Problem Description
Given an m x n grid where:
- 1 represents the starting square.
- 2 represents the ending square.
- 0 represents empty squares that can be walked over.
- -1 represents obstacles. Return the number of 4-directional paths from the start to the end that visit every non-obstacle square exactly once.
Key Insights
- Count all non-obstacle cells (including start and end) to know the route length required.
- Use Depth First Search (DFS) to explore all possible paths from the starting cell.
- Mark cells as visited during recursion to avoid revisiting and backtrack afterwards.
- Only count a path when reaching the ending cell and the number of visited cells equals the total non-obstacle count.
Space and Time Complexity
Time Complexity: O(3^(mn)) in the worst-case scenario due to branching factor in DFS. Space Complexity: O(mn) due to recursion call stack and in-place modifications of the grid.
Solution
We solve the problem by performing a DFS starting from the unique starting cell.
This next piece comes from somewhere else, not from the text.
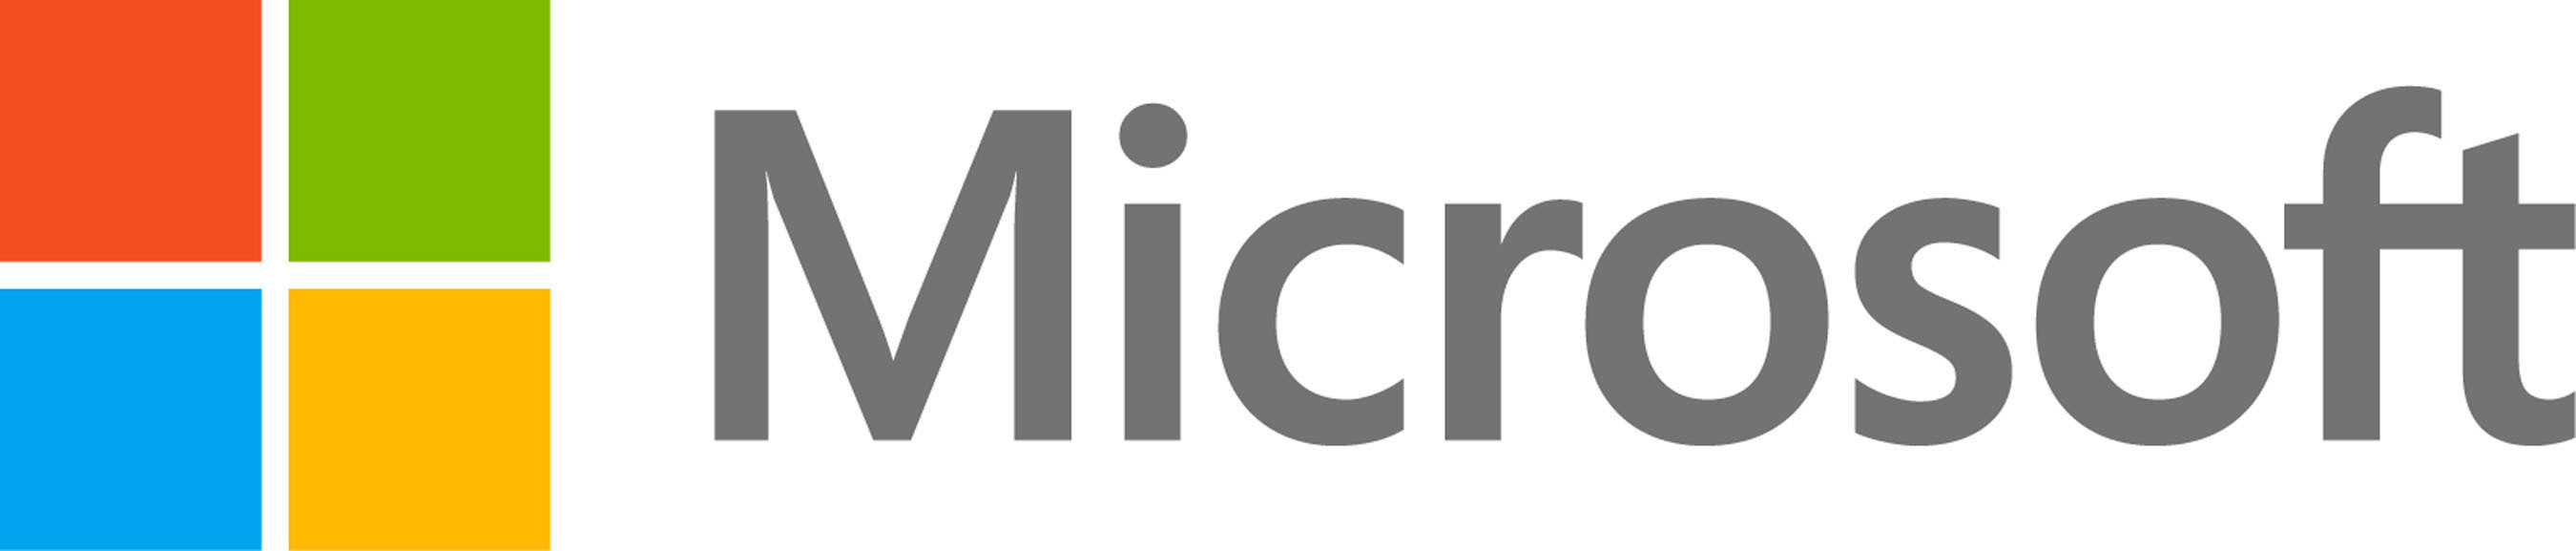 Microsoft 20 anniversary

Before DFS, count the total number of non-obstacle cells. As DFS explores neighbors recursively, mark the cell as visited (by setting it to -1) to prevent cycles and restore its value after exploring (backtracking). When the ending cell is reached, check if we have visited all non-obstacle cells. If yes, increment the valid path count.
Data structures and algorithms used:
- Recursion (DFS) for exploring all valid paths.
- In-place grid marking for tracking visited cells.
- Backtracking for restoring grid state. This approach ensures that every possible valid route is considered while correctly handling obstacles and ensuring each non-obstacle cell is visited exactly once.